Fumiko Minami (1913/4 – 1959) was a Japanese housewife who contributed to the invention of the electric rice cooker.

== Life ==
Fumiko Minami was born in 1913/14 into a family of a 'high-ranked warrior class', and moved to Tokyo with her father, who had lost the family's money. While she was working in a restaurant, she met Yoshitada Minami (ja), the owner of a small family factory which sold water boilers to Toshiba. They married and had six children.

== Rice cooker ==
In the 1950s, Toshiba began a project to improve on the electric rice cooker. Models had been available since the 1920s, but they had sold poorly as they still needed the heat to be turned off manually, and therefore monitored to prevent the rice from burning. While selling electric washing machines across Japan, Toshiba engineer Shogo Yamada learned that women found cooking rice three times a day, continuously adjusting the heat to achieve fluffy rice, even more time consuming then laundry.

Yoshitada Minami was asked by Yamada to try to develop a better rice cooker, and accepted the task because his water boiler factory was struggling and on the brink of bankruptcy.

Fumiko Minami carried out market research into the rice cookers already available and spent five years experimenting with factors such as water ratio and temperature in rice cooking to provide information vital to the development of the device. For example, she found that the convention of continuously adjusting the temperature was not necessary, but that cooking rice at the same temperature for twenty minutes would consistently produce good results.

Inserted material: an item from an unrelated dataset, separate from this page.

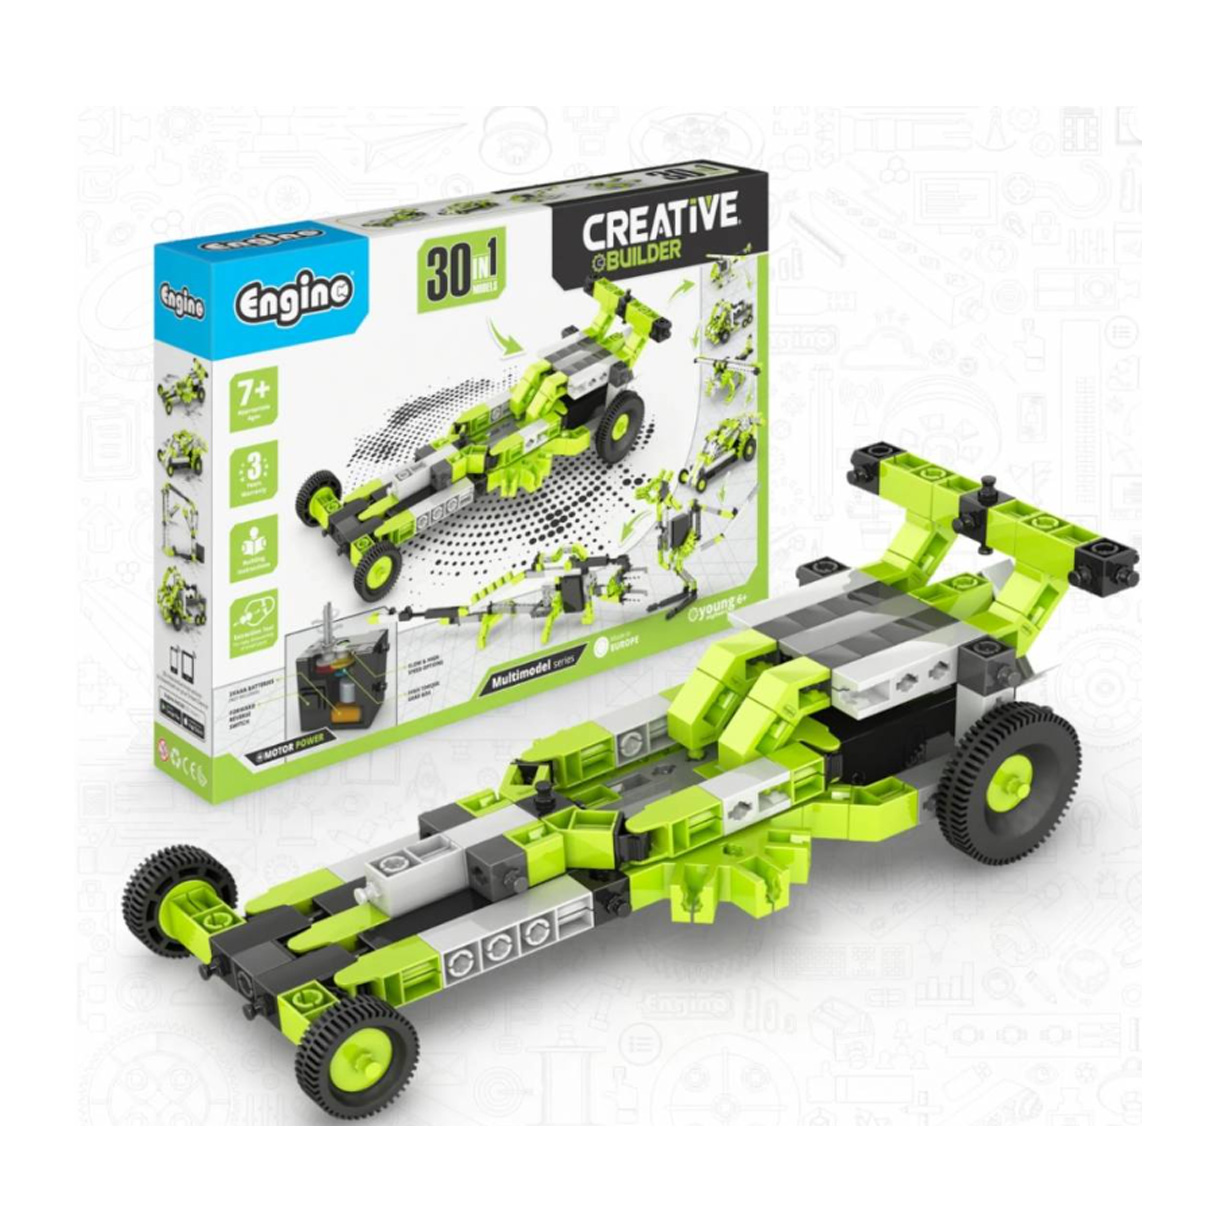 creative builder 30 modelos motorized set (toy partner - 3030)

The Minamis wanted their rice cooker to work in all the conditions that could be found across Japan, so Fumiko tested prototypes in various conditions: on the roof of their house in the sun; next to a steamy bathroom; and inside a kotatsu. Her health suffered while testing the rice cooker outdoors in winter.

The Minamis eventually produced a two-pot rice cooker with a bi-metallic switch that stopped the cooking when the temperature in the pot exceeded 100 °C. They included a triple-layer cover to insulate it in winter. The model was launched in 1955.

Fumiko Minami's aim was to save women time so that ‘they could do something else for three hours a day’. When she was bedridden in 1959, she received letters from women expressing their gratitude for their rice cookers. She died that year at the age of 45.